Remember, we had to perform 250,000 fetches. There are several options for doing this:

  1. Default: For each fetch, we wait (await) for one fetch to complete before doing the next one. In other words, we can only perform one fetch at a time, making this very slow. Assuming each fetch takes 2 seconds, multiplying by 250,000 would require 500,000 seconds, or 5.79 days. That’s a very long time. And this is just the fetching process, not including data processing.
  2. Parallel: Fetches are performed simultaneously. Imagine firing off 250,000 fetches to a single server at once—what would happen? Right, the server would crash.
  3. Batching: A middle ground between one-at-a-time fetch and all-at-once fetch. Here, we divide the fetches into batches, say 100 fetches per batch. After one batch finishes, we move to the next one. This method is more server-friendly.

The third method was used. Luckily, Mas @gadingnstn had created a library called Concurrent Manager, which handles batch concurrent promises, so I didn’t have to write a batching script from scratch.

import ConcurrentManager from 'concurrent-manager';

const concurrent = new ConcurrentManager({
  concurrent: 10,
  withMillis: true,
});

for (const calon of list) {
  concurrent.queue(() => {
    return doSomethingPromiseRequest();
  });
}

concurrent.run();

Anti-Bot

After solving the problems on our side, there was another issue with the server. When we performed 50 fetches at once, the server would automatically block the IP for a certain period.

To resolve this, I did two things:

1. Delaying Between Fetches

Initially, 1000 fetches were fired off at once. However, the response was a 403 error because the server blocked the IP. Reducing the number to 50 fetches and adding a few seconds of delay between each fetch solved the problem.

export const sleep = (ms: number) =>
  new Promise((resolve) => setTimeout(resolve, ms));

export const sleepRandom = async (min: number, max: number) => {
  const delay = Math.floor(Math.random() * max) + min;
  await sleep(delay);
};

export const customFetch = async (url: string, options?: RequestInit) => {
  await sleepRandom(1_500, 3_000);
  const res = await fetch(url, { ...options });
  return res;
};

2. Using Cloudflare Worker

Even though I solved the blocking issue by reducing concurrent fetches to 50 with delays, this made the process slower. After trying different approaches, I realized the rate-limiting was based on IP. So, I used Cloudflare Workers to distribute fetches across different IPs.
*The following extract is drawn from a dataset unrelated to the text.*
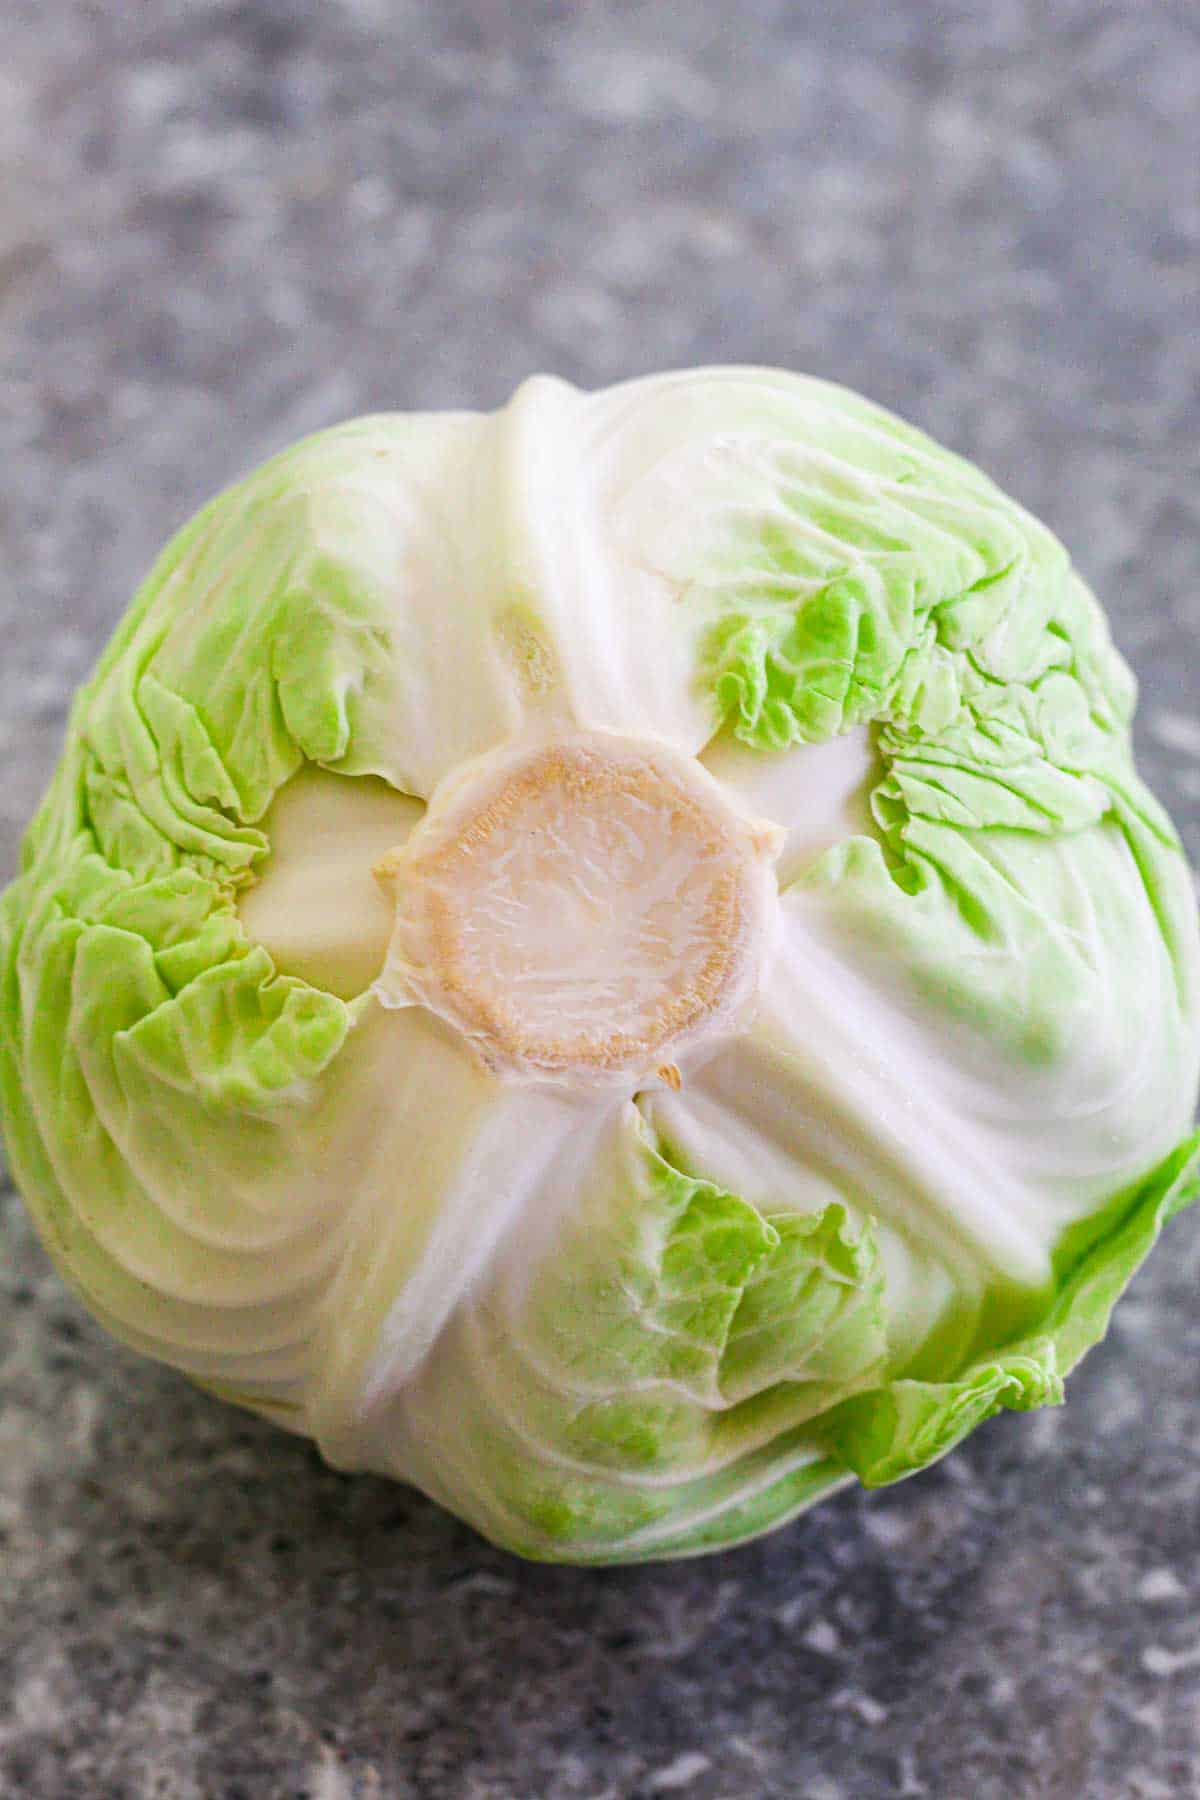 Cabbage head on a counter, seen from the core side.

The simplified setup became:

  • Before: User -> KPU Server
  • After: User -> Cloudflare Worker -> KPU Server

Cloudflare Workers made the request using their own IPs, so my IP was not blocked.

Here’s the basic code for the worker:

var src_default = {
  async fetch(request, env, ctx) {
    console.log("Incoming Request:", request);
    const targetURL = "https://infopemilu.kpu.go.id/Pemilu/Dct_dprprov/profile";
    const response = await fetch(targetURL, request);
    console.log("Response from Target:", response);
    return response;
  },
};

export {
  src_default as default,
};

To speed up data scraping, I created 3 Cloudflare Workers. The final setup looked like this:

  • User -> KPU Server
  • User -> Cloudflare Worker 1 -> KPU Server
  • User -> Cloudflare Worker 2 -> KPU Server
  • User -> Cloudflare Worker 3 -> KPU Server

Conclusion

This data scraping project became a valuable learning experience. Even though it started as a simple experiment, it revealed challenges and solutions for dealing with large-scale data scraping. By addressing issues like large data, batch fetching, anti-bot measures, and database management, I gained useful insights into web scraping techniques and problem-solving strategies.